Reputation: 45
I want to read into SAS a text file data set that uses two different delimiters, "|" and the string "[end text]". It is arranged as below:
var1|var2|var3
4657|366|text that
has some line
breaks [end text]
45|264| more text that has
line breaks [end text]
I am trying to figure out how to recognize both of these these two delimiters. I tried to use the DLMSTR option, but this didn't work:
data new ;
infile 'file.txt' dlmstr='|'||'[report_end]' DSD firstobs=2 ;
input var1 var2 var3 $;
run;
Is there any way to use these two delimiters at the same time? Or am I using the wrong input style to import my data?
Upvotes: 2
Views: 1273
Reputation: 51566
SAS can read delimited files that have embedded line breaks as long as the embedded line breaks use different character than the normal end of line.
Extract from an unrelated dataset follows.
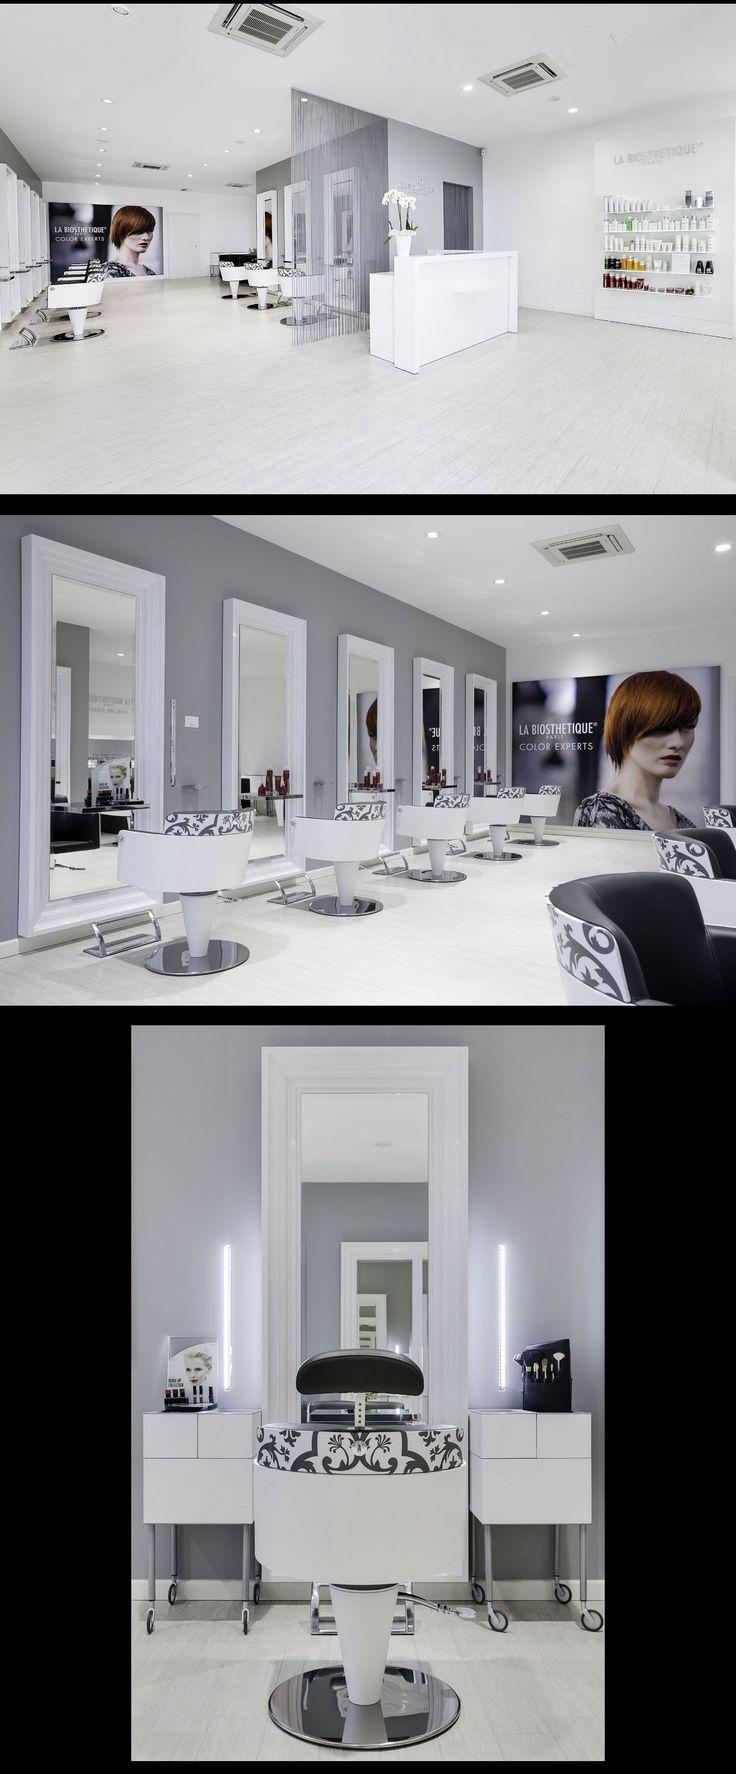 Hair Salon Capolavoro - Mantova (Italy) - Salon Design by Mauro Cimarosti - #SalonTrends
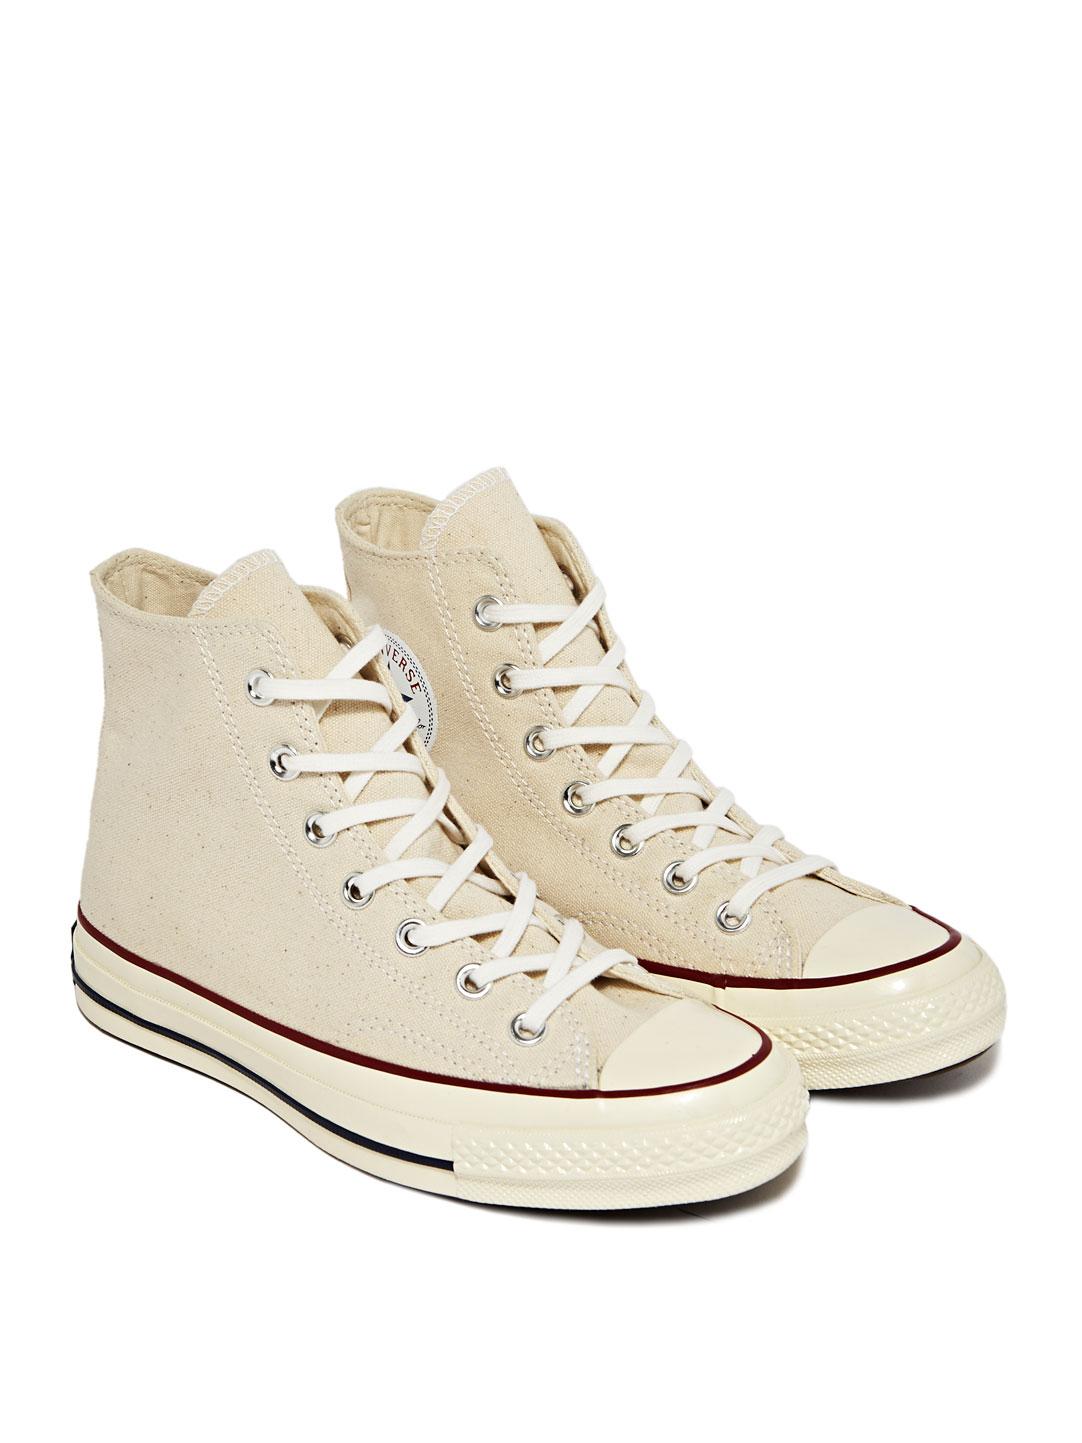 e93d6f7b48e Lyst - Converse 1970S Chuck Taylor All Star Hi Sneakers in Black for Men

So if your real observations end with CRLF (normal for a Windows text file) and the embedded line breaks are just single LF character then those extra breaks will be treated as just another character in that field.
var1|var2|var3<CR><LF>
4657|366|text that<LF>
has some line<LF>
breaks [end text]<CR><LF>
45|264| more text that has<LF>
line breaks [end text]<CR><LF>
For example here is a data step that could convert your original file.
data _null_;
infile original lrecl=32767 ;
file copy lrecl=1000000 termstr=lf ;
input ;
_infile_ = tranwrd(_infile_,'[end text]','0d'x);
if _n_=1 then _infile_=trim(_infile_)||'0d'x;
len = length(_infile_);
put _infile_ $varying32767. len ;
run;
But it might be better to replace the embedded line breaks with some other character , like ^, instead.
data _null_;
infile original truncover ;
file copy lrecl=1000000 ;
input line $char32767.;
len = length(line);
put line $varying32767. len @;
if _n_=1 or index(_infile_,'[end text]') then put ;
else put '^' @;
run;
Result:
var1|var2|var3
4657|366|text that^has some line^breaks [end text]
45|264| more text that has^line breaks [end text]
Which is easy to read.
Obs var1 var2 var3
1 4657 366 text that^has some line^breaks [end text]
2 45 264 more text that has^line breaks [end text]
Upvotes: 1